Why it does not work
The index type (i.e. the operator class) gin_trgm_ops based on the % operator, which works with two text arguments:
CREATE OPERATOR trgm.%( PROCEDURE = trgm.similarity_op, LEFTARG = text, RIGHTARG = text, COMMUTATOR = %, RESTRICT = contsel, JOIN = contjoinsel);
You cannot use gin_trgm_ops for arrays. The index defined for an array column will never work with any(array[...]) , because the individual elements of the arrays are not indexed.
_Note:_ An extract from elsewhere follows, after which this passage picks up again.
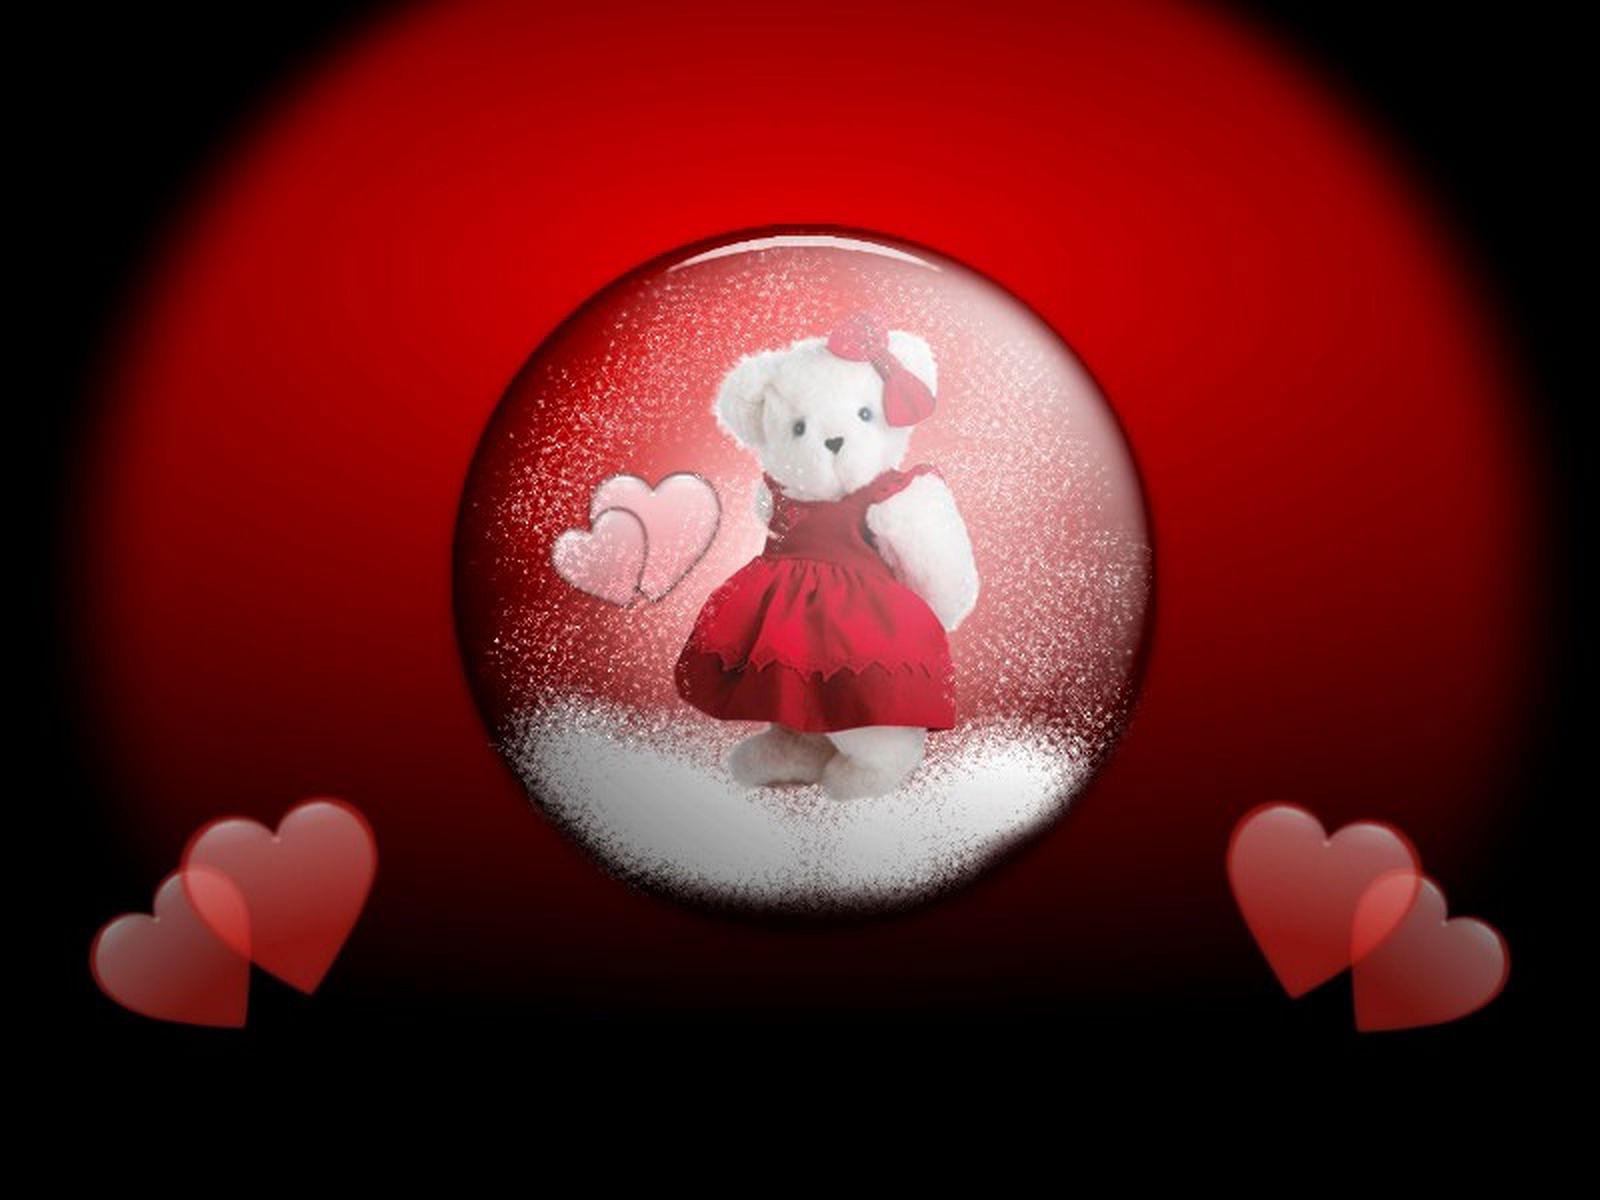 www love wallpaper com,red,pink,valentine's day,love,cartoon

To index the array, you need another type of index, namely the index of the gin array.
Fortunately, the gin_trgm_ops index was so thoughtful that it works with like and ilike , which can be used as an alternative solution (an example is described below).
Test table
It has two columns (id serial primary key, names text[]) and contains 100,000 Latin sentences, divided into array elements.
select count(*), sum(cardinality(names))::int words from test; count | words
A search for the word praesent gives 7051 lines in 2400 ms:
explain analyse select count(*) from test where 'praesent' % any(names); QUERY PLAN
Materialized view
One solution is to normalize the model associated with creating a new table with one name in one row. Such a restructuring can be difficult to implement, and sometimes impossible due to existing queries, views, functions, or other dependencies. A similar effect can be achieved without changing the structure of the table using a materialized view.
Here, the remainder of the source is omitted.